Dideoxy Sequencing

Earlier descriptions of molecular genetic techniques liberally omitted many important steps in order to focus on conceptual issues. Here, the major technique for sequencing DNA in the human genome project is described in some detail. It can help to give you an appreciation of the laboratory techniques used in modern molecular genetics.

As with all human molecular technique, sequencing begins with biological material, almost always blood. Through a series of steps that need not concern us, the DNA from the blood cells is extracted and purified. A very small sample of this DNA is then used for analysis.

The physical process of extraction and purification breaks the DNA at large number of random places. However, very long fragments of DNA—too long to work with—still remain. Hence, the DNA is often bathed with a restriction enzyme to cut it into fragments of more manageable size.

The next step is to amplify the DNA section that we want to sequence by using PCR. At the end of this stage, there are now many millions of copies of the DNA section that is to be sequenced.
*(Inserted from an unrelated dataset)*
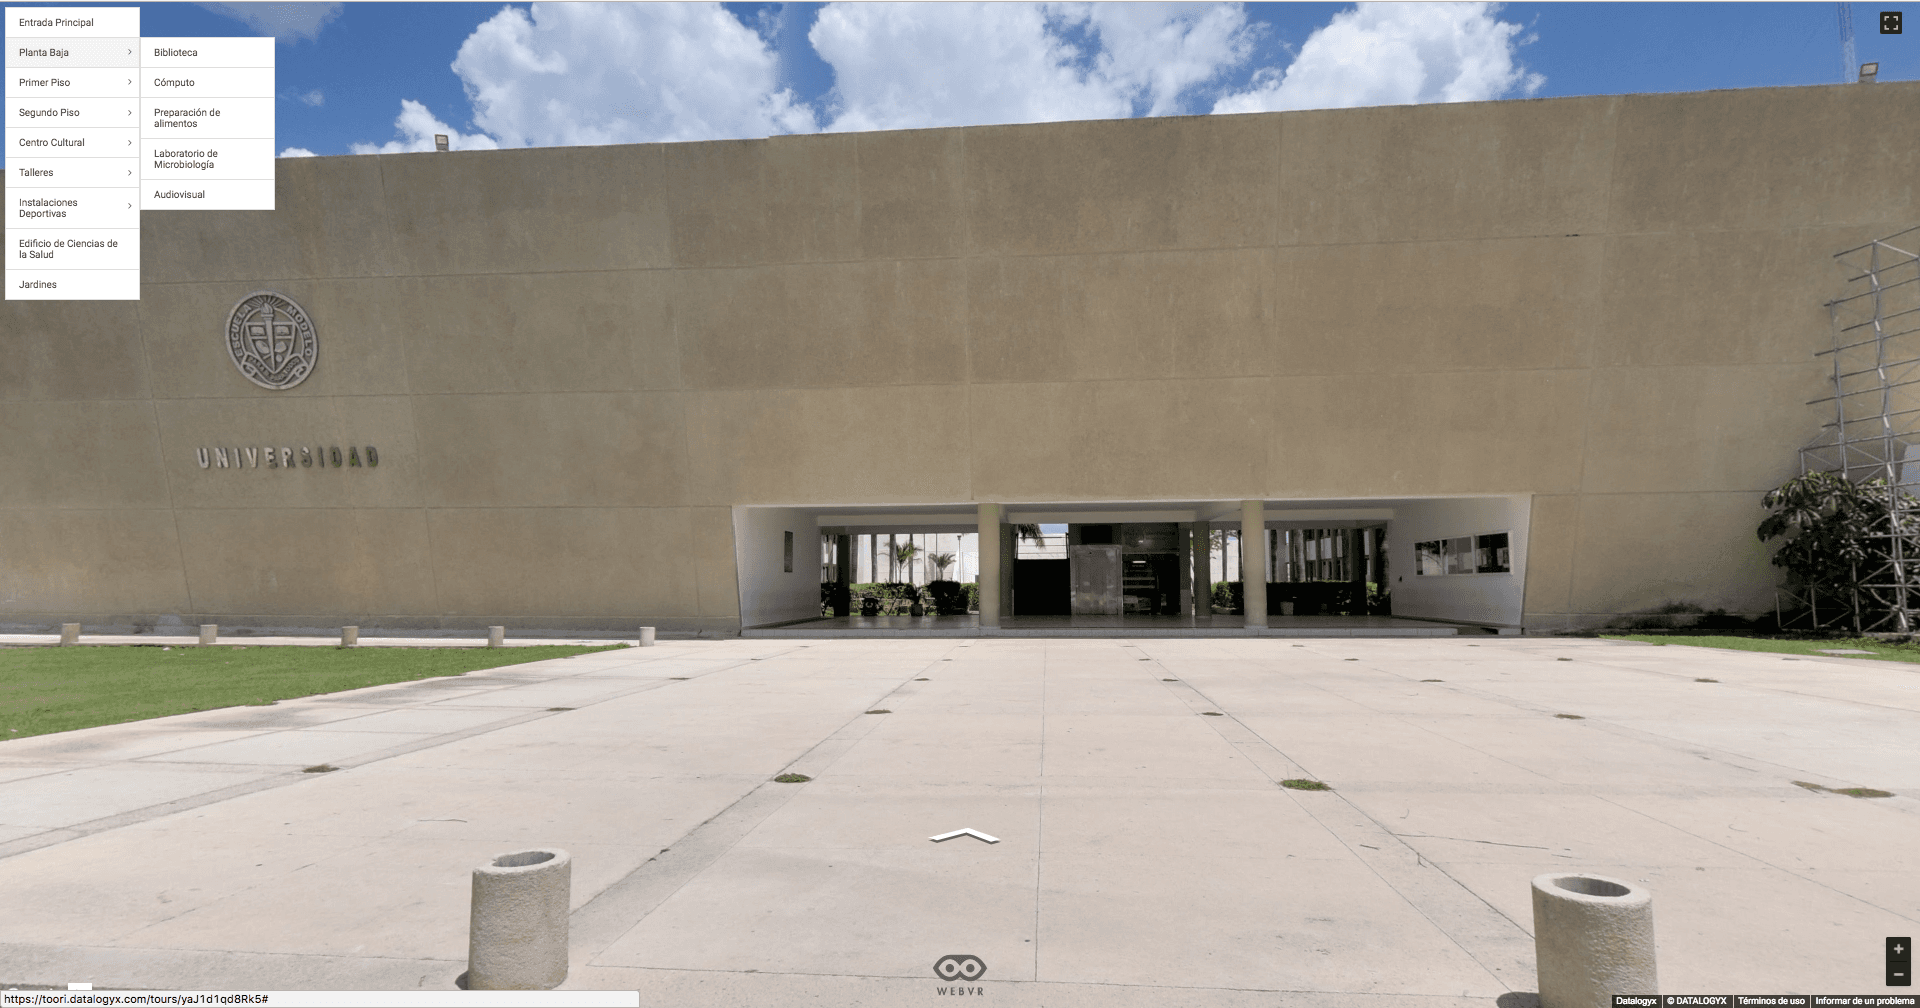 Universidad-Modelo-Mérida-cdmx-cancun-carros-auto-concesionaria-motor-coches-agencia-recorrido-virtual-google-street-view-datalogyx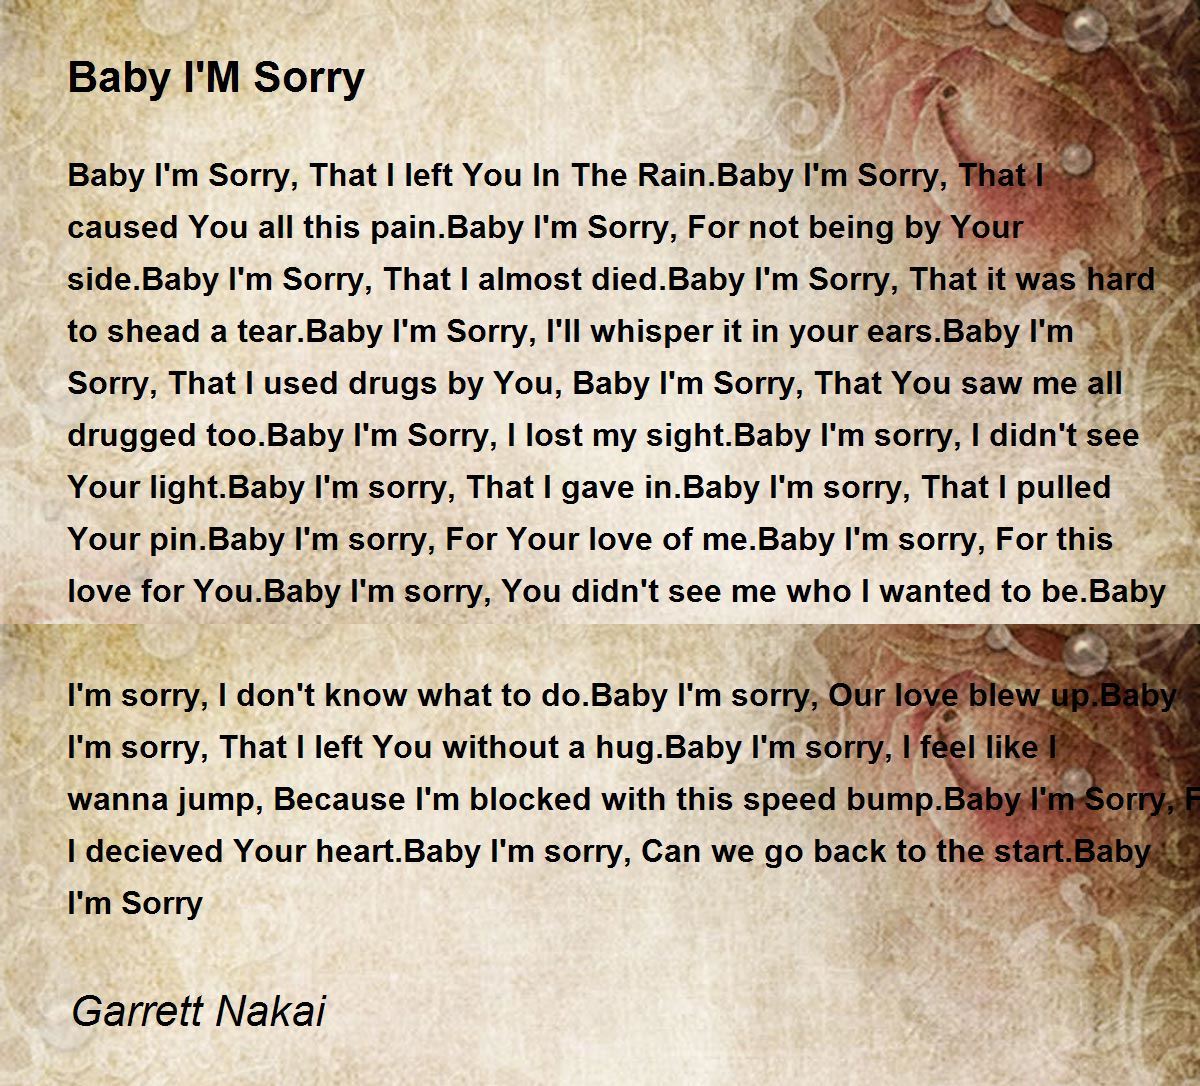 Baby I'M Sorry - Baby I'M Sorry Poem by Garrett Nakai

The actual sequencing procedure begins with the first few steps of the PCR technique (Figure 1). The DNA is heated so that the double-stranded helix breaks apart into two single strands (a process called denaturing). Then a primer—the identical one used in the PCR—is added. This primer is a small section of single-stranded nucleotides that will bind with its complementary section of DNA that was previously amplified in the PCR.

The next step is to synthesize rest of the double-stranded DNA starting with the primer. Essentially, this is the same process as DNA replication but here it is performed in the test tube instead of the cell nucleus. The two major ingredients for replication are: (1) a large number of free nucleotides; and (2) a polymerase enzyme that will build the chain.

Figure 2 shows the DNA with its nucleotide "soup." The majority of nucleotides in the soup have the same chemical composition as the nucleotides in ordinary DNA. The clever trick in this step of the process is the addition of a small amount of specially engineered nucleotides that have two key features. This first is that these nucleotides are chain terminating. That is, whenever one of these special nucleotides gets entered into the chain, the process of building the double helix stops dead in its tracks. The second important property is that each special nucleotides is "color-coded" through a chemical tag so that it will fluoresce into a specific color when exposed to the appropriate light conditions. Each type of these special nucleotides is given a different color—e.g., green for adenine, yellow for thymine, etc.

Next, millions of polymerase molecules are added (Figure 3). The polymerase is a complicated enzyme that ordinarily acts to replicate DNA in the cell after the hydrogen bonds are split and the double helix is split into two single strands. To imbue polymerase with a sentience that it really lacks, one could say that the molecule grabs free nucleotides, inspects the next nucleotide in the single-stranded chain, and then "glues" the appropriate nucleotide partner into the other DNA strand. For example, if the next nucleotide on the single strand is A, then the polymerase will place a T on the growing strand.

The next step is simply to wait and let nature take its course. Because there are millions of single-stranded DNA fragments with primer attached to them, millions of polymerase molecules, and several gazillion nucleotides, millions of double-stranded DNA molecules will be synthesized. However, these complementary DNA strands will be of different lengths because of the chance incorporation of special nucleotides. Whenever one of these special nucleotides is placed into the chain, further synthesis of the DNA strand stops. The net result is many millions of copies of double-stranded DNA, but all of different lengths (Figure 4).

If the DNA mixture is now heated, the double-stranded DNA will break down into its single strands, giving a large number of single-stranded DNA molecules of various lengths (Figure 5). The next step is to load the single-stranded DNA onto an electrophoretic gel. The new forms of electrophoresis are so sensitive that they can detect the difference between two DNA strands that differ in length by only one nucleotide. The result after electrophoresis is completed is depicted in Figure 6, where the fragments would have been loaded on the top of the figure.

When the gel is viewed under the appropriate lighting, the bands will fluoresce. Because the special nucleotides are color-coded, simply reading the sequence of colors gives the nucleotide sequence of the DNA (Figure 7).

This type of sequencing procedure is now highly automated. There are specialize sequencing machines that are essentially computerized robots that perform the automated tasks of timing, heating and cooling, and pipetting mixtures. The newer models also contain a special capillary tube that permits the electrophoresis to be done automatically. Laser lighting and optical scanning allows the colors to be read by a computer. All the data are processed by specialized software that analyzes the sequence, flags areas of uncertainty, and stores the data.